**ACTIVITY:**
Copying rule for the data below: pictures stay out, and only the lines from the one with "Indian (Asian) vs" down to the one with "WhatsApp for iPhone", inclusive, are repeated exactly.

**DATA SUPPLIED:**
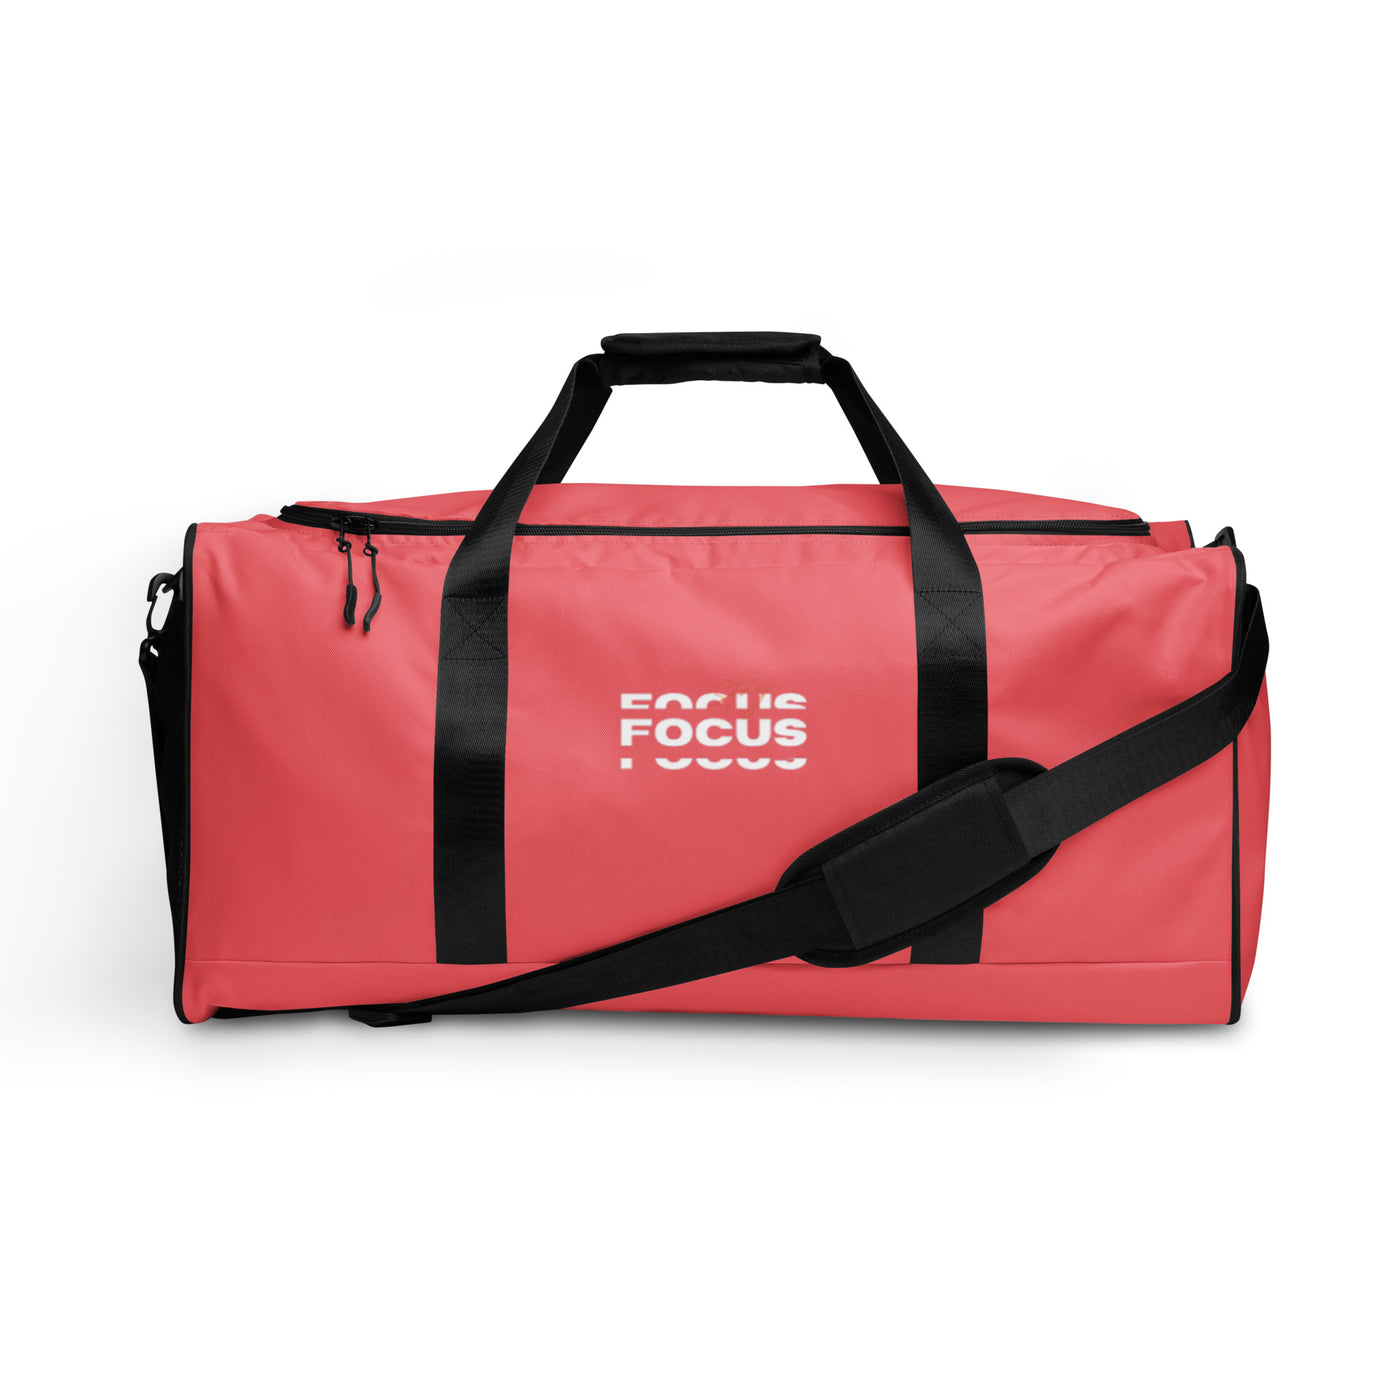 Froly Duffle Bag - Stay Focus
...
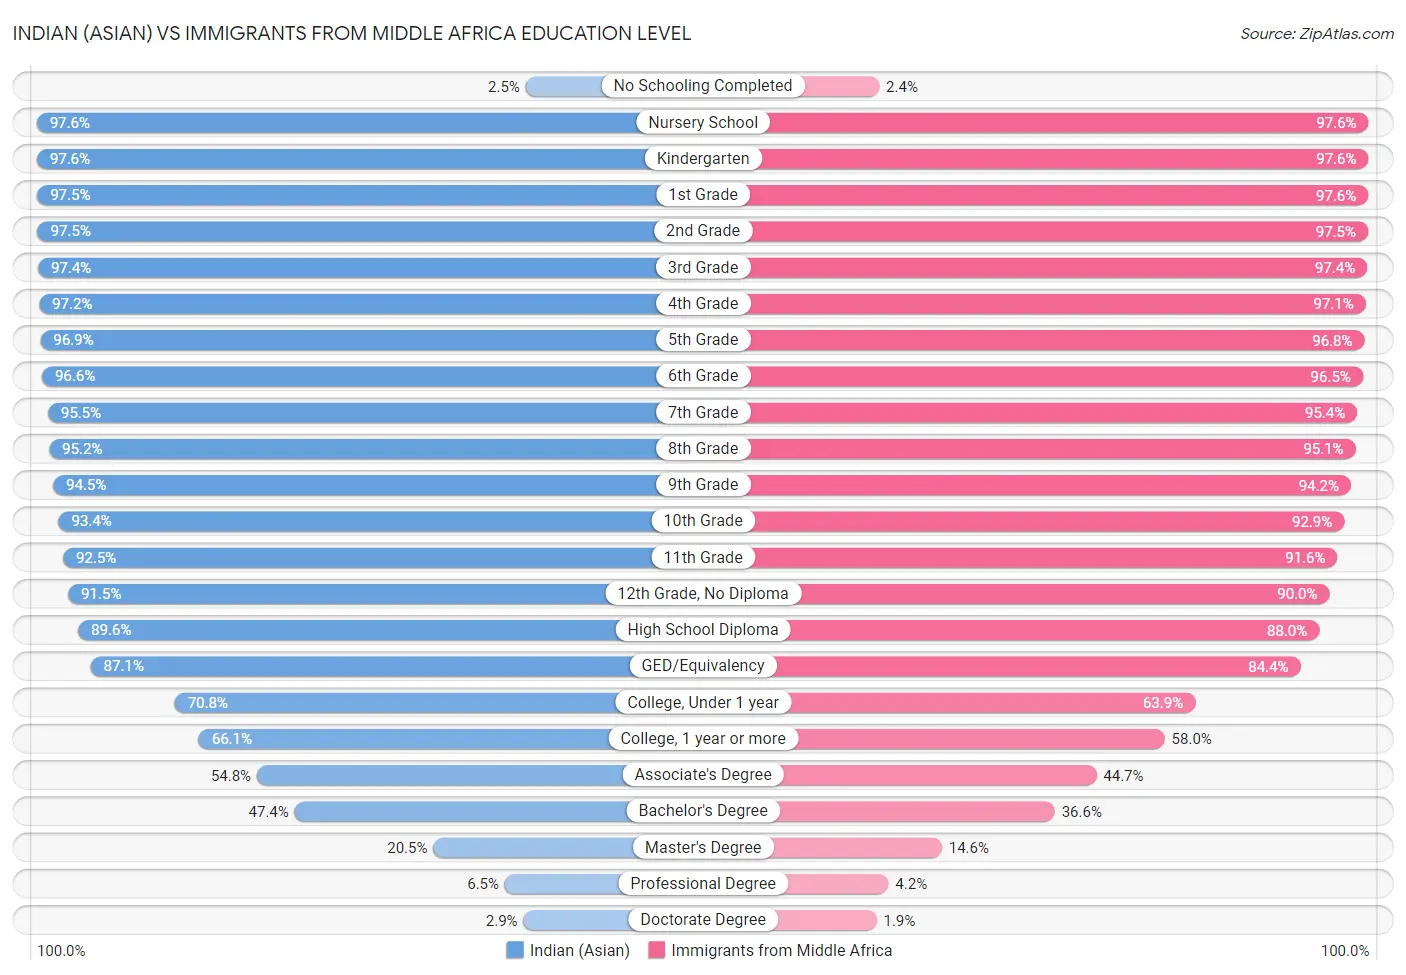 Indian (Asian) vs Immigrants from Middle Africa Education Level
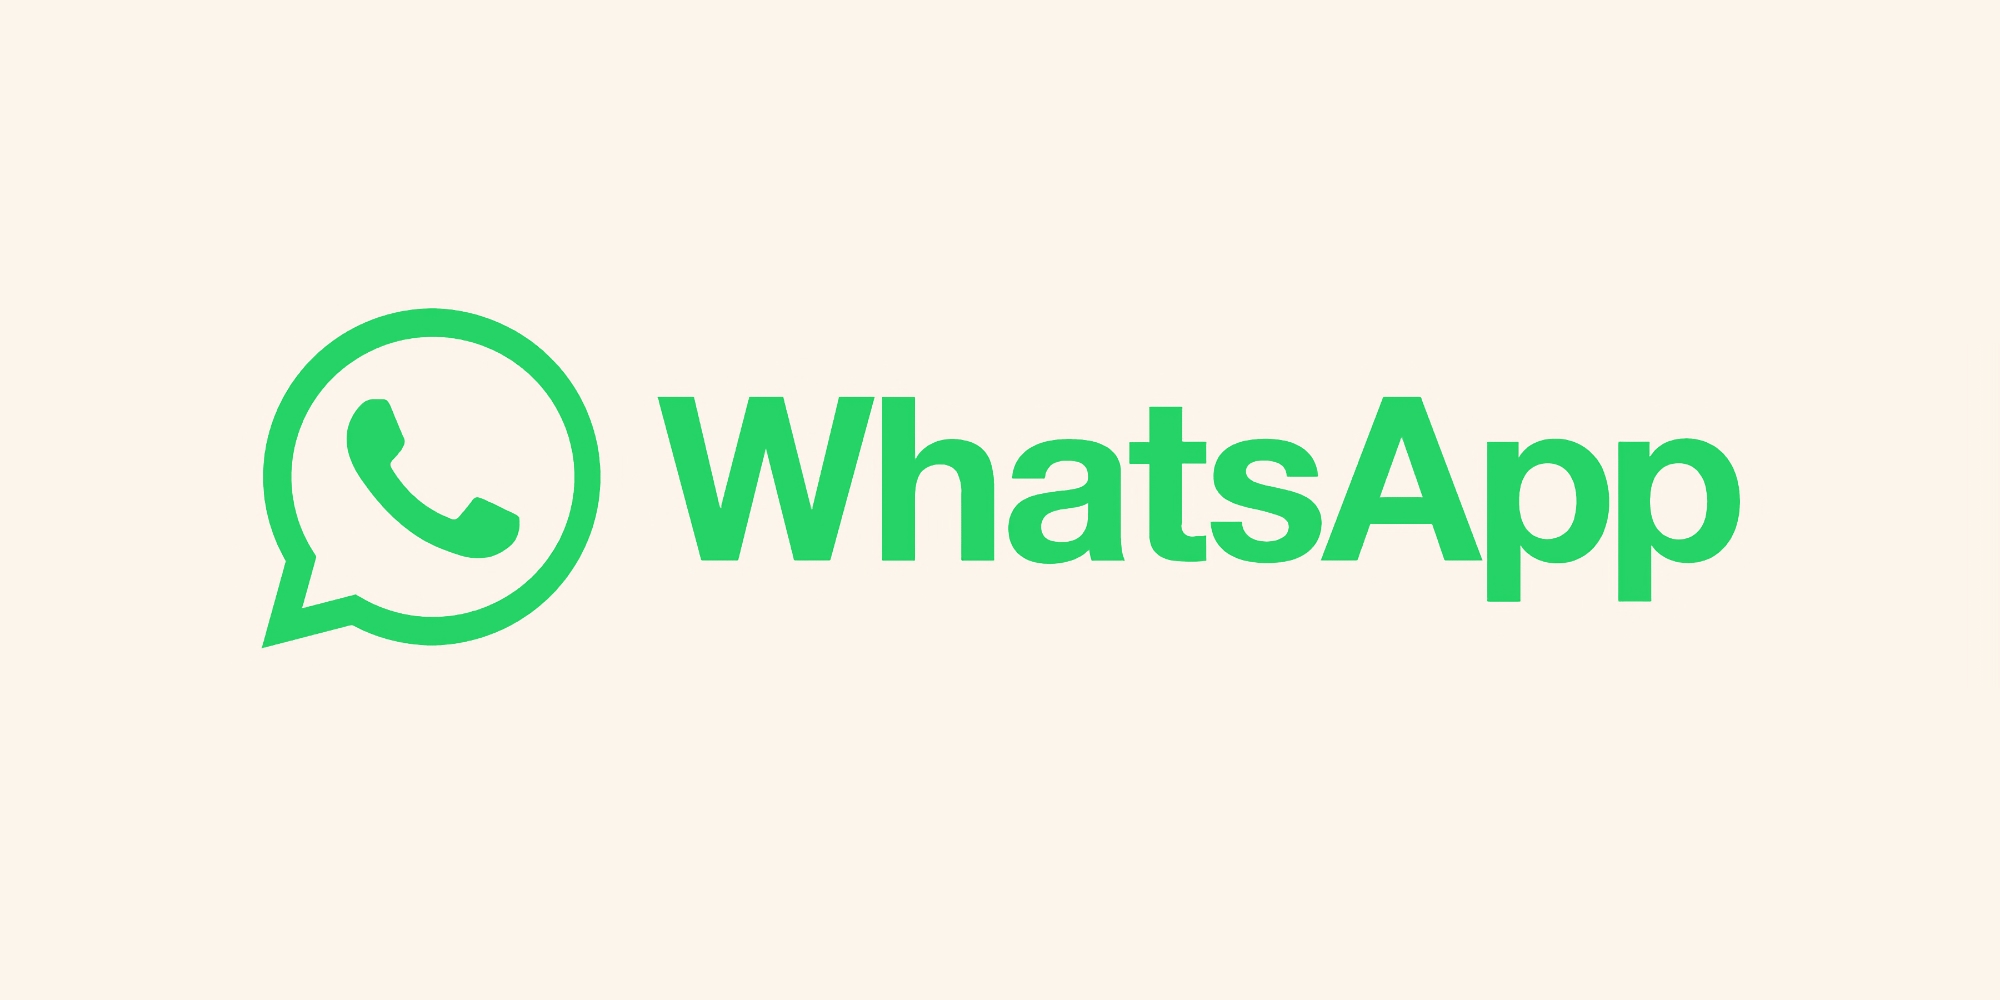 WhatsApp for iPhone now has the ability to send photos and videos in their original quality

**ANSWER BOX:**
 Indian (Asian) vs Immigrants from Middle Africa Education Level
 WhatsApp for iPhone now has the ability to send photos and videos in their original quality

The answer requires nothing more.